The Music Center today announced the opportunity for Angelenos to join in a nationwide watch of the riveting new documentary John Lewis: Good Trouble, which looks at the impact of Lewis' life and work. In collaboration with over 60 of the nation's arts and cultural institutions, The Music Center is making it possible for Angelenos to rent the film directly from Magnolia Pictures and take part in a free, live virtual conversation about John Lewis's remarkable legacy.

Representative John Lewis of Georgia-Freedom Rider and Congressman, Presidential Medal of Freedom honoree and conscience of the nation-served the cause of social justice for decades, both as an elected representative and as a groundbreaking activist whose fervent belief in getting into "good trouble, necessary trouble" for the cause of racial equality changed the United States.

Directed by acclaimed filmmaker Dawn Porter, John Lewis: Good Trouble chronicles the life and career of the legendary civil rights activist and Democratic Representative from Georgia, and celebrates his 60-plus years of social activism and legislative action on civil rights, voting rights, gun control, healthcare reform and immigration. Featuring both rare archival footage and exclusive interviews with the late Congressman, the documentary explores Lewis' childhood experiences, his inspiring family and his fateful meeting with Dr. Martin Luther King, Jr. in 1957. In addition to her interviews with Lewis and his family, Porter's primarily cinéma verité film also includes interviews with political leaders, congressional colleagues and others who figured prominently in his life.

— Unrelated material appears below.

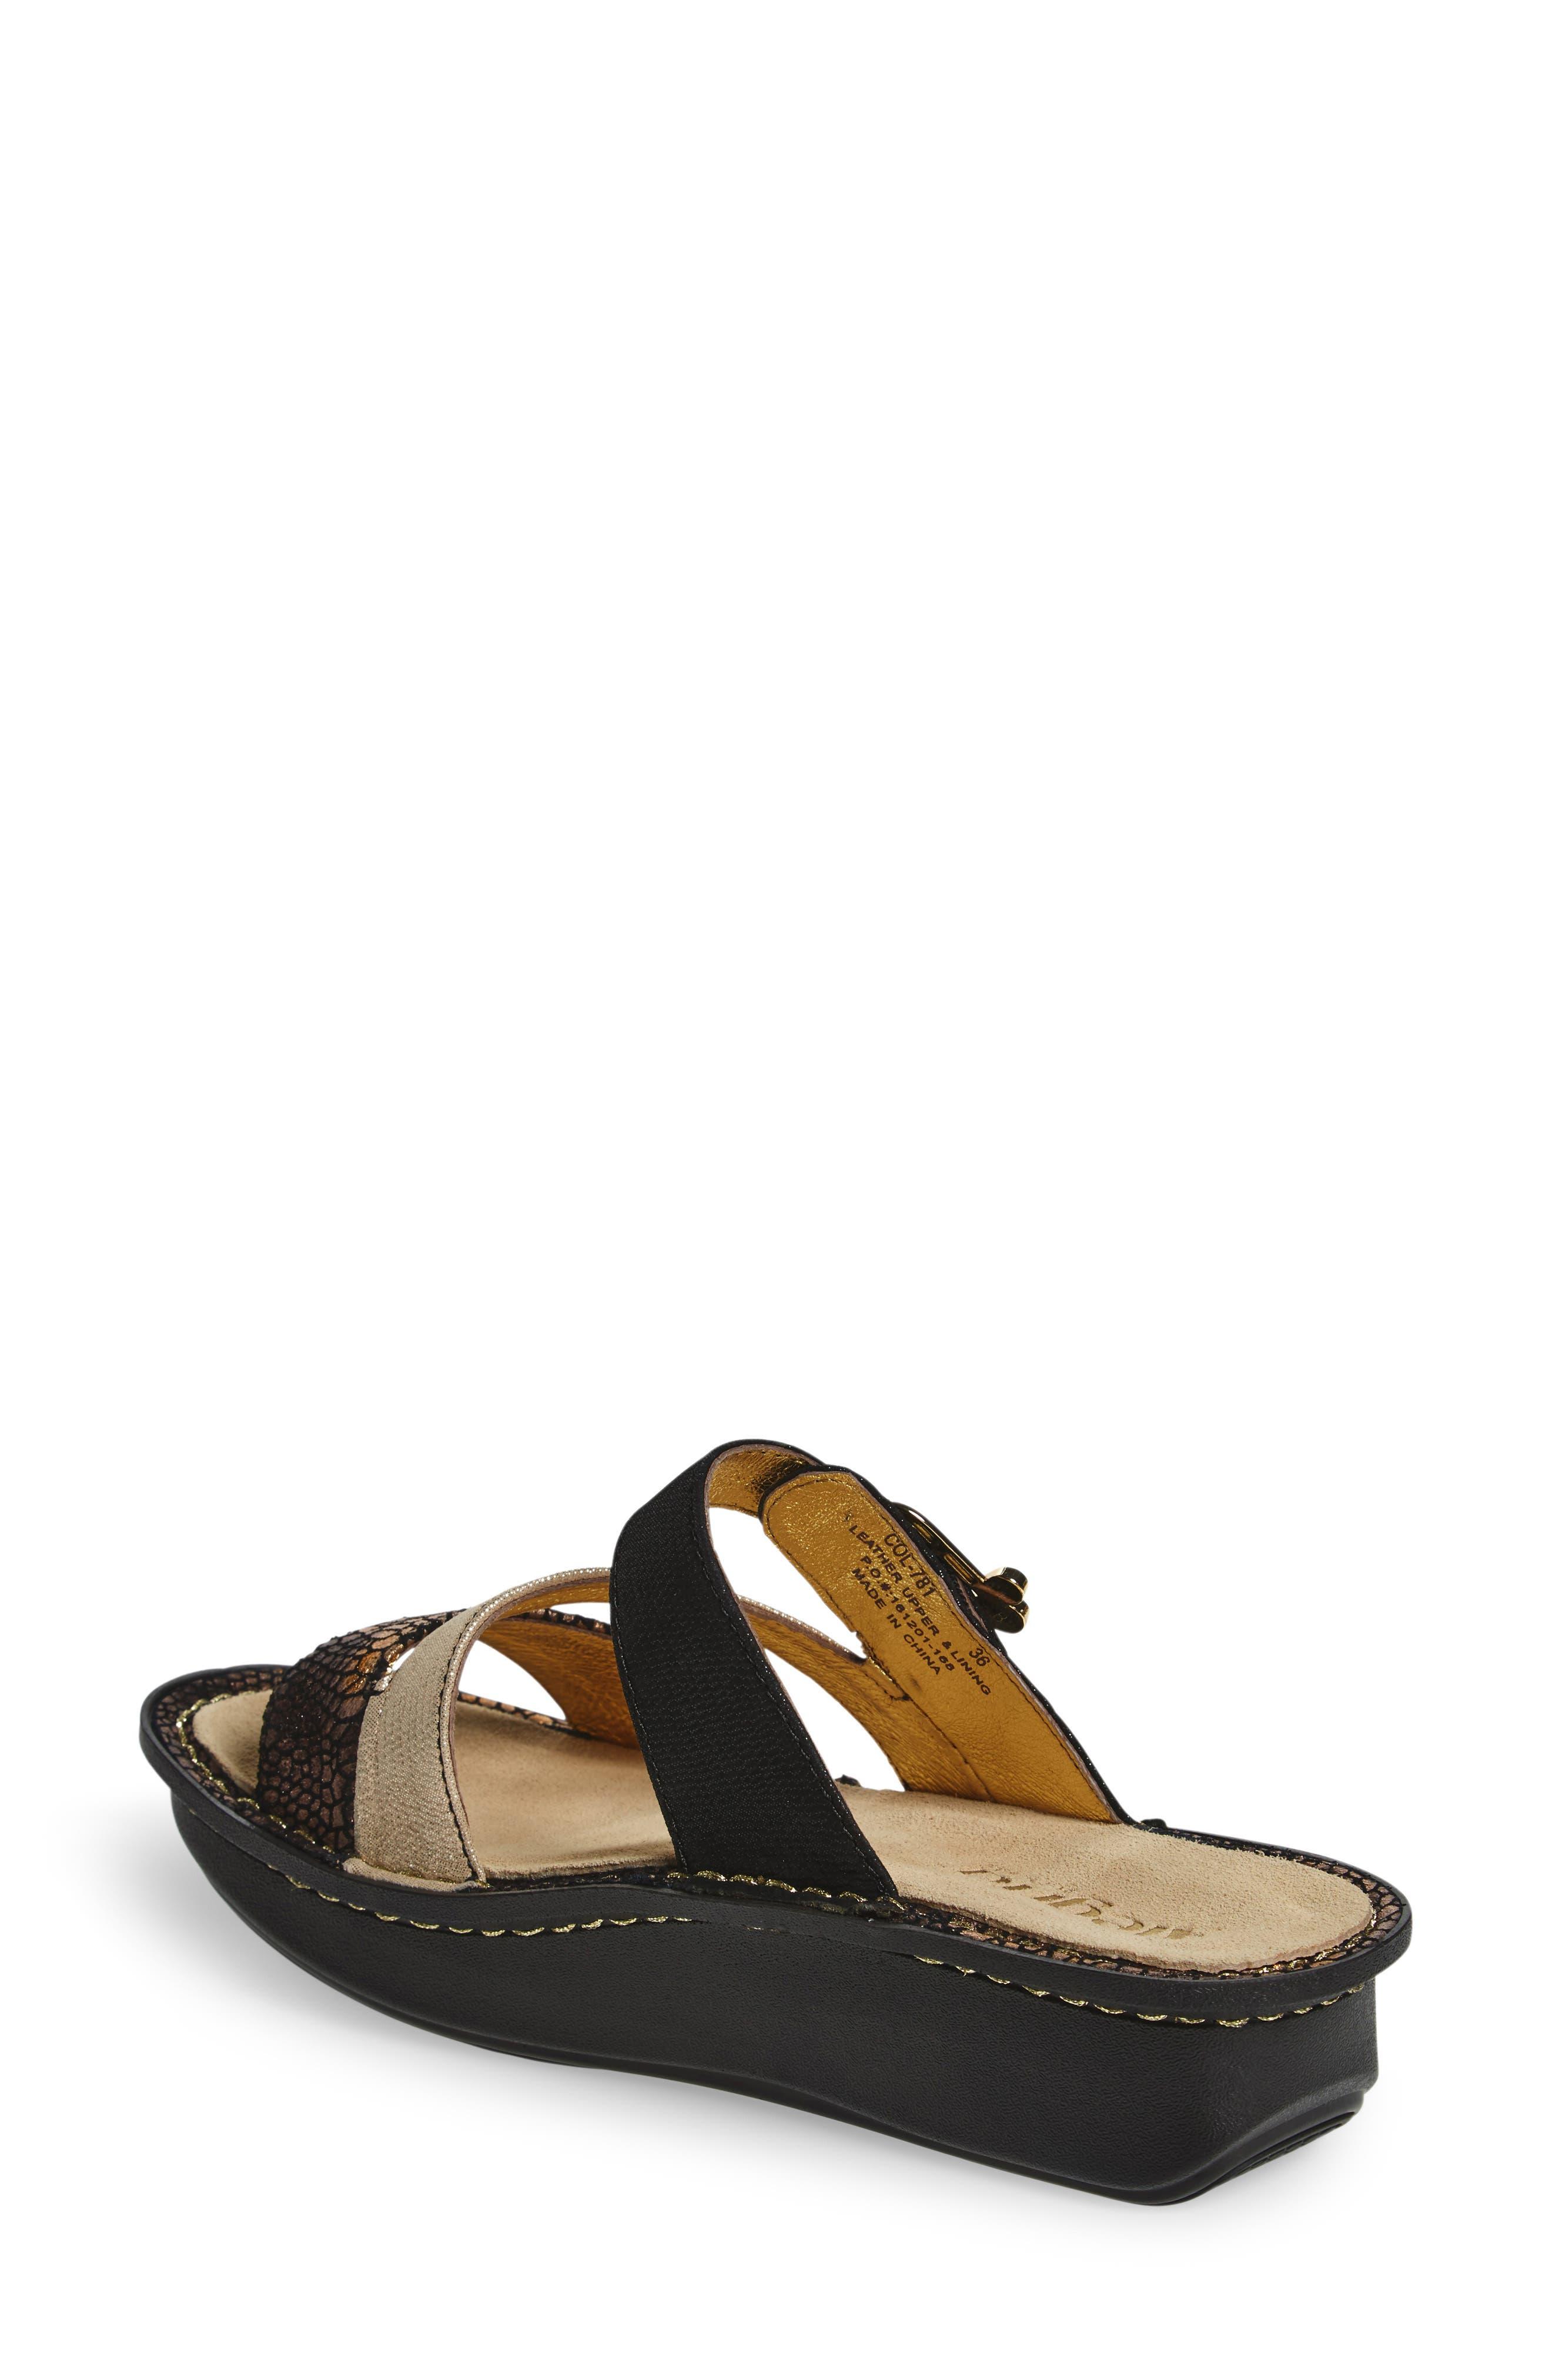 'Colette' Platform Sandal,                             Alternate thumbnail 26, color,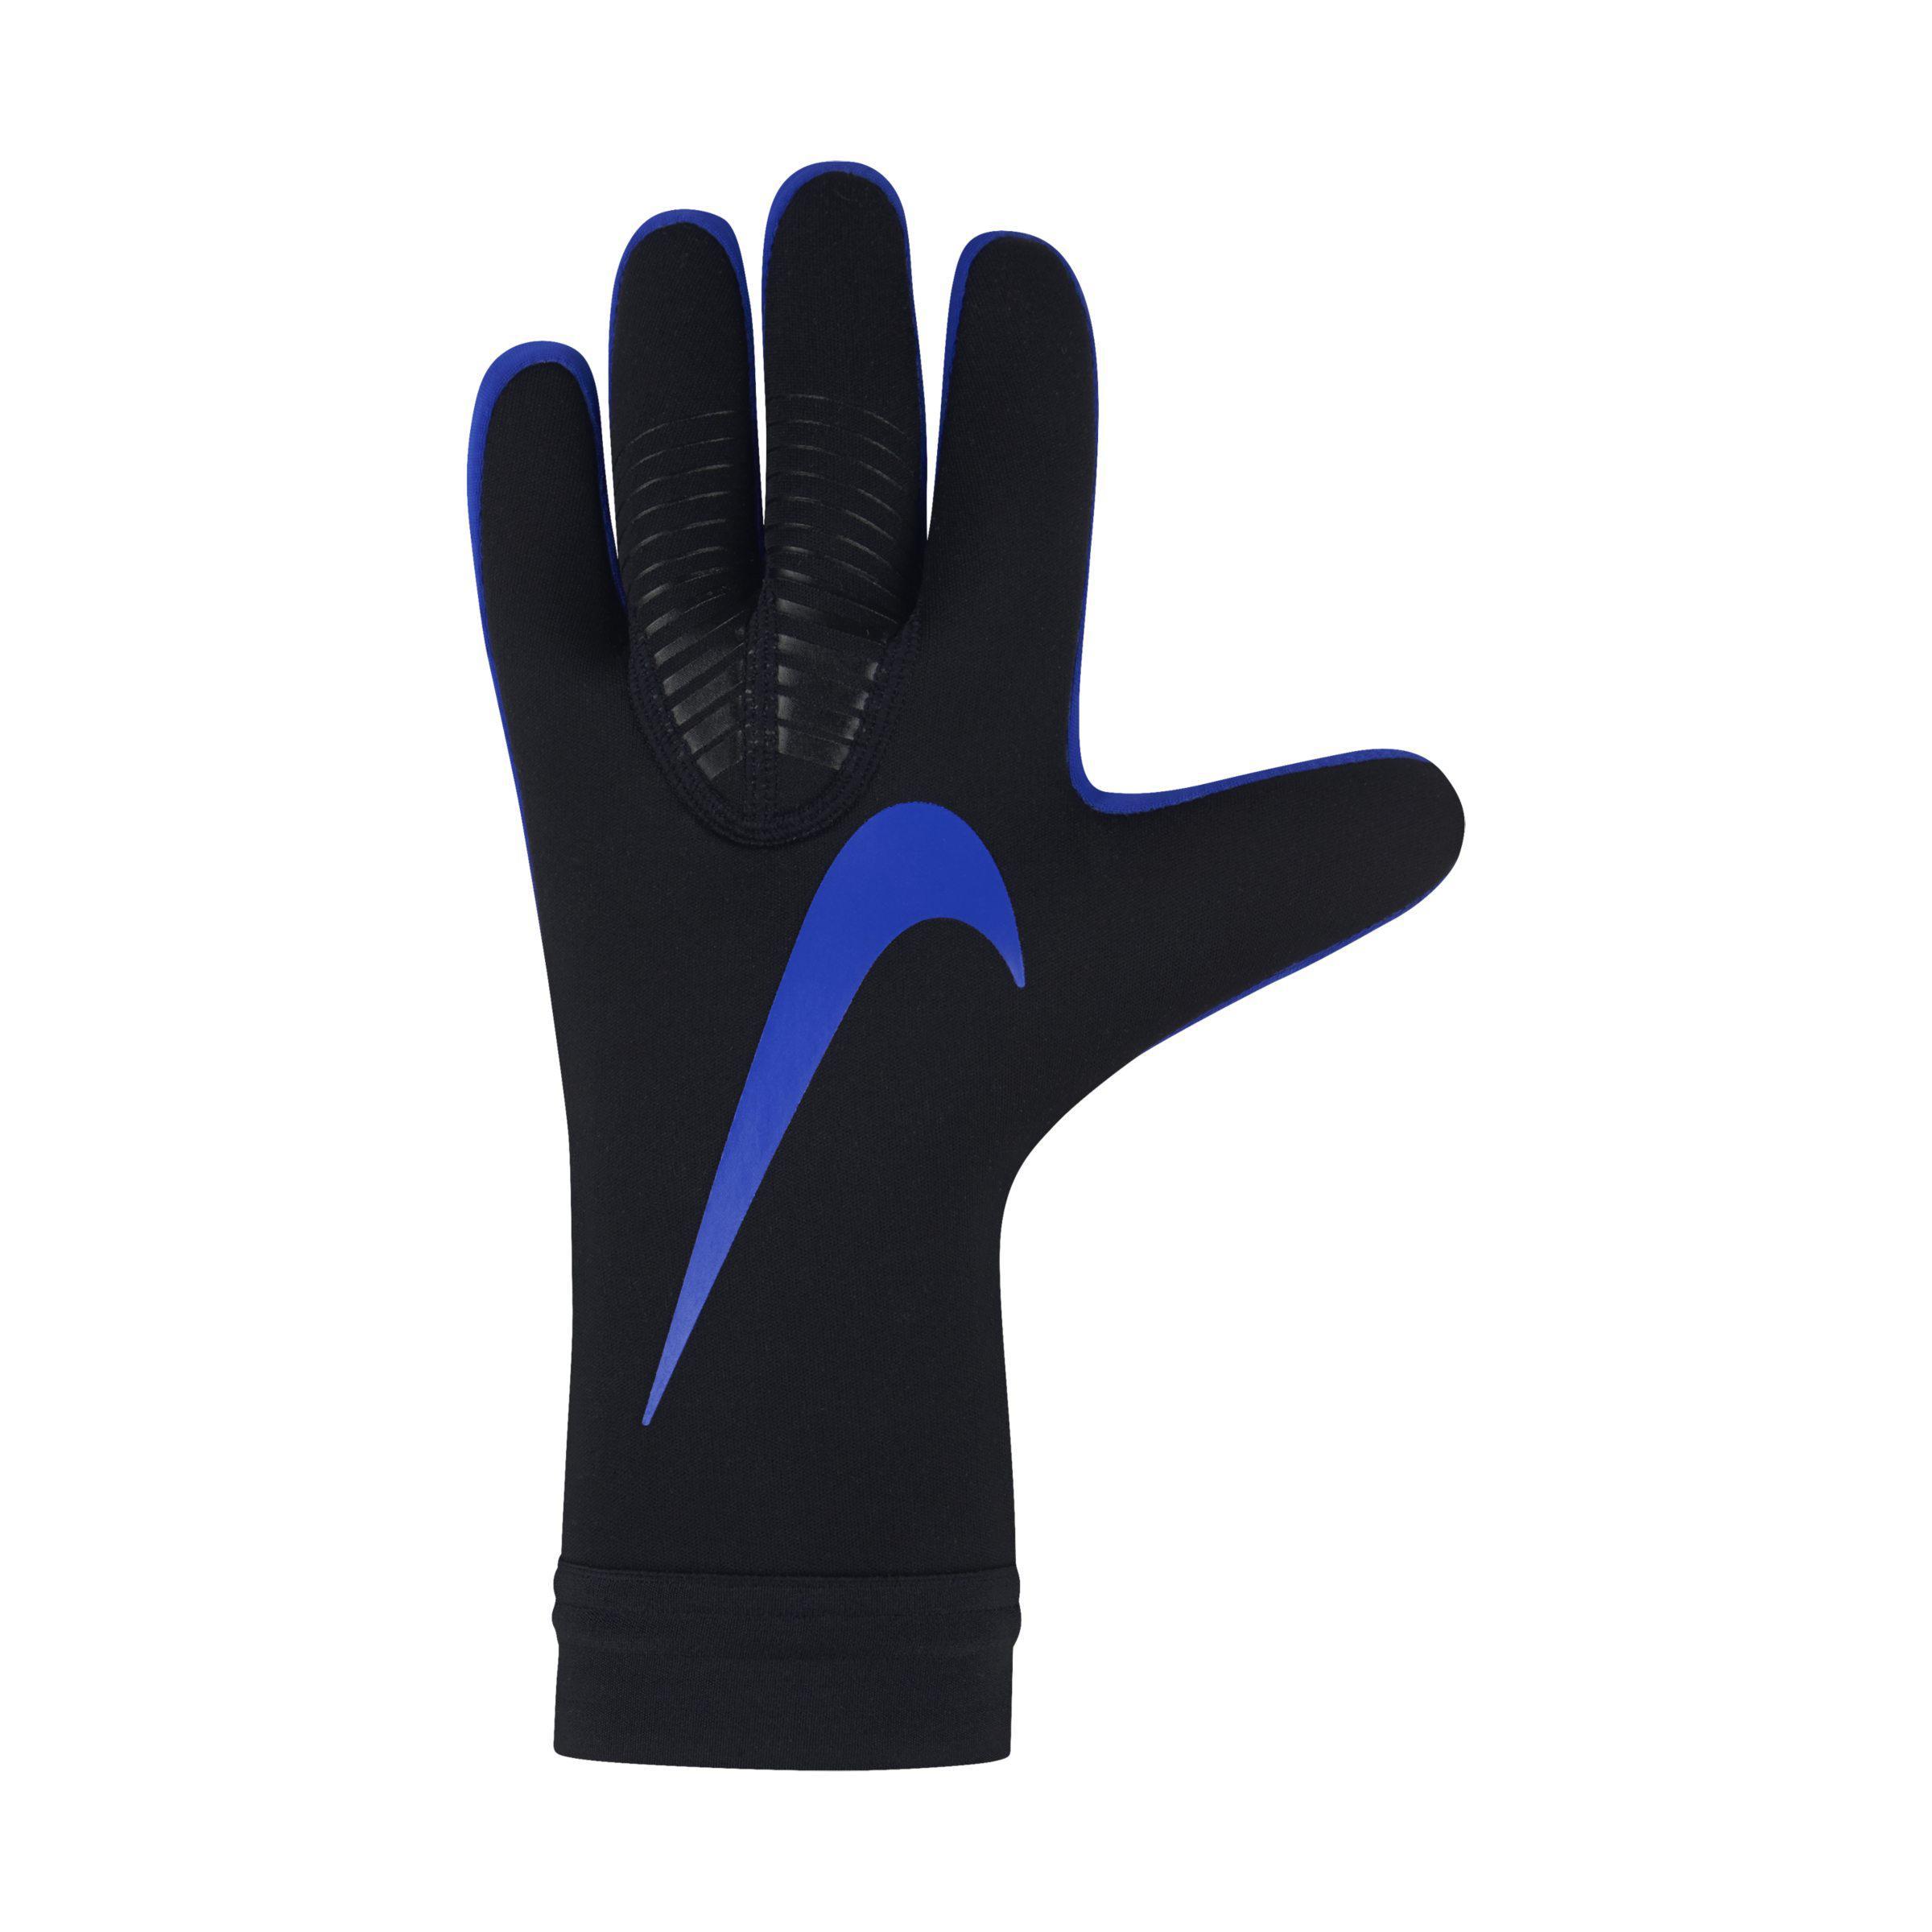 the latest 1f31b 618fe Nike Goalkeeper Touch Elite Football Gloves in Black - Lyst

This special rental of the documentary includes two extra features: Film of an interview Congressman Lewis conducted with Oprah Winfrey shortly before his death earlier this year as well as a one-hour panel, recorded in July, between the Porter and two of Lewis's fellow original Freedom Riders, Dr. Bernard Lafayette and Dr. Rip Patton. The film's $12 rental fee includes a $5 donation to The Music Center and is available for streaming now through September 30, 2020. Patrons can visit The Music Center Offstage to rent the documentary.

After screening the film, audiences are invited to join a free, live, interactive online panel discussion about Lewis' history and impact on the social justice struggles of today. Panelists include Dawn Porter, the film's director; Ras J. Baraka, mayor of Newark, New Jersey; Khalil Gibran Muhammad, professor of history, race and public policy at Harvard Kennedy School and director of the Institutional Antiracism and Accountability Project; and Lonnie G. Bunch III, secretary of the Smithsonian Institution, who worked extensively with Lewis to establish the Smithsonian's National Museum of African American History and Culture. The free virtual conversation takes place on Monday, September 21, 2020, at 4 p.m. PT on Zoom. Registration is available here.

"John Lewis is a larger than life figure whose resolve and many sacrifices gave rise to a righteous movement. His resonating voice forever rings loud as a reminder for each of us to get into 'good trouble, necessary trouble' to make sure America becomes a more perfect union," says Rachel S. Moore, president and CEO. "The Music Center is proud to join our peers in the arts for this important nationwide watch party to honor the legacy of this American legend." The online conversation and coordinated effort among the country's performing arts centers is produced by the New Jersey Performing Arts Center (NJPAC) of Newark, New Jersey.